Sint Philipsland is a village in the Dutch province of Zeeland. Sint Philpsland is also the name of the (former) island on which the village lies. It is a part of the municipality of Tholen, and lies about 16 km northwest of Bergen op Zoom.

== History ==
The village was first mentioned between 1490 and 1495 as "Ecclesia sti Philippi Apostoli, St. Philipskerc", and is named after Philip the Apostle.
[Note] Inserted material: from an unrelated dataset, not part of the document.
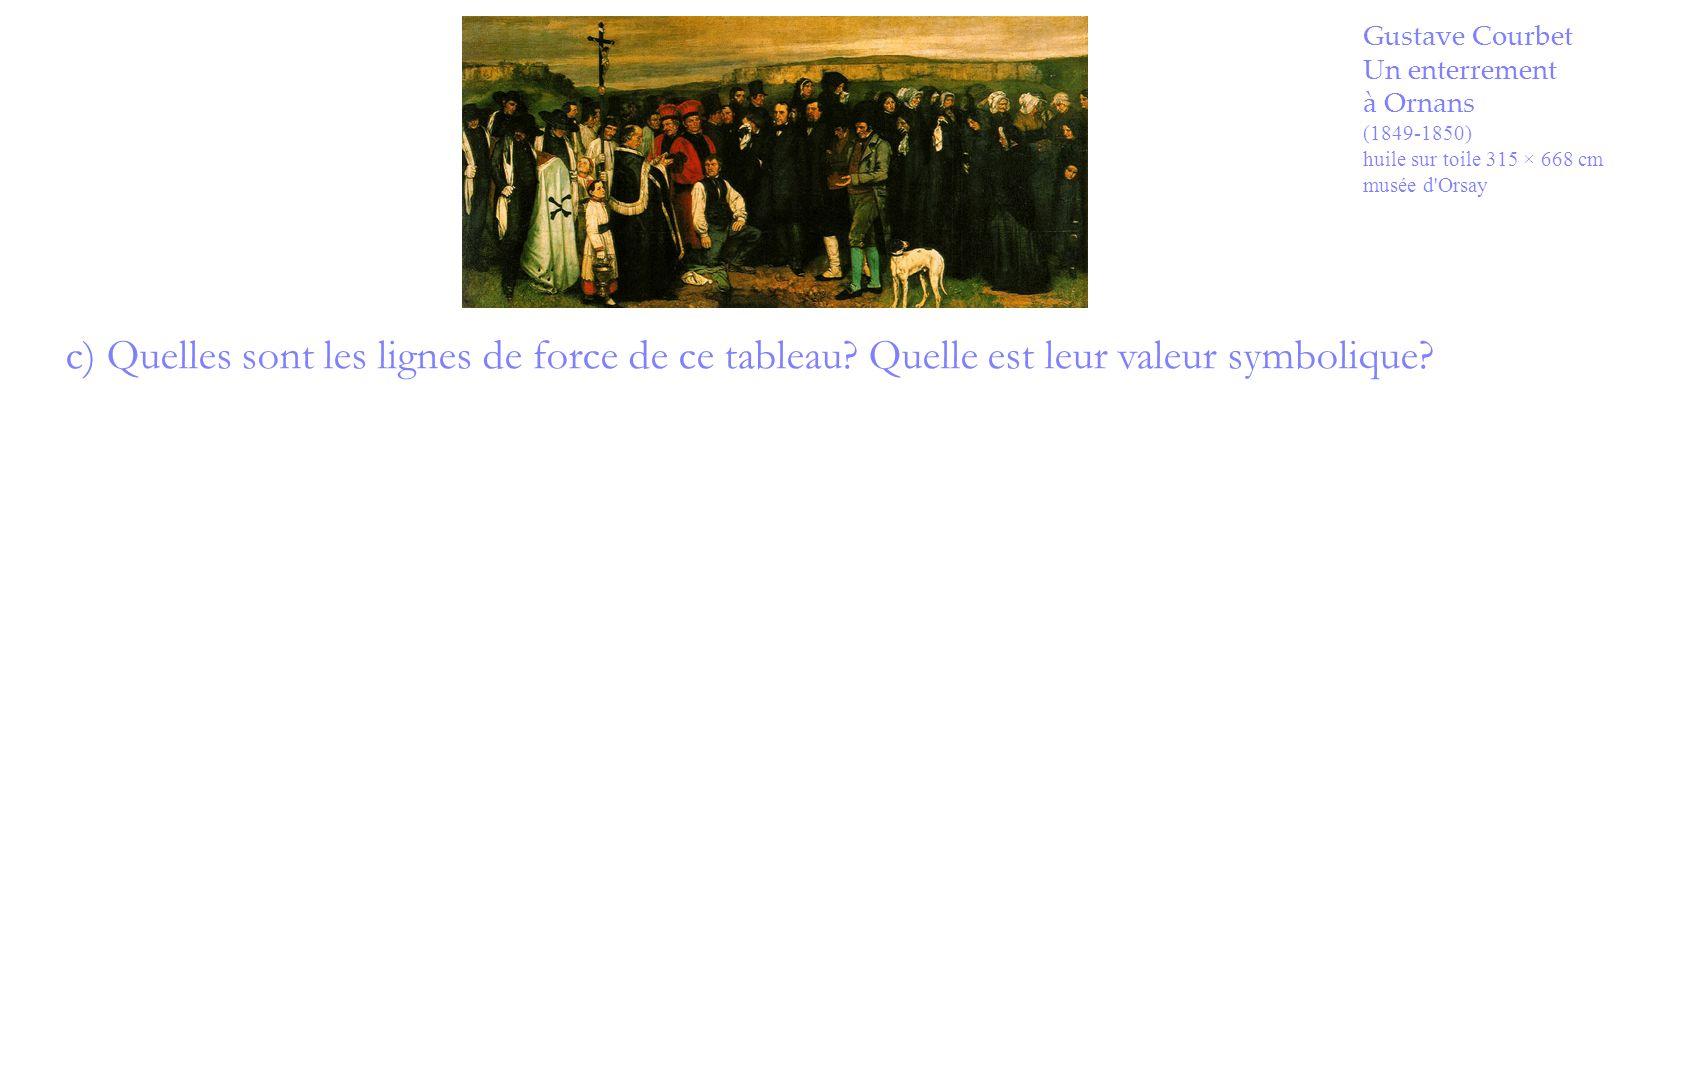 c) Quelles sont les lignes de force de ce tableau? Quelle est leur valeur symbolique? Gustave Courbet Un enterrement à Ornans (1849-1850) huile sur to

The area was diked in 1487 by order of Anna van Bourgondië, the illegitimate daughter of Philip the Good. The first village was flooded in 1509 and 1530, and subsequently abandoned. In 1642, the land was reclaimed again and a regular patterned village with front and back street was constructed.

The Dutch Reformed church was built in 1668 in a neoclassic style with Doric columns. In 1953, an association building was attached to the western side of the church.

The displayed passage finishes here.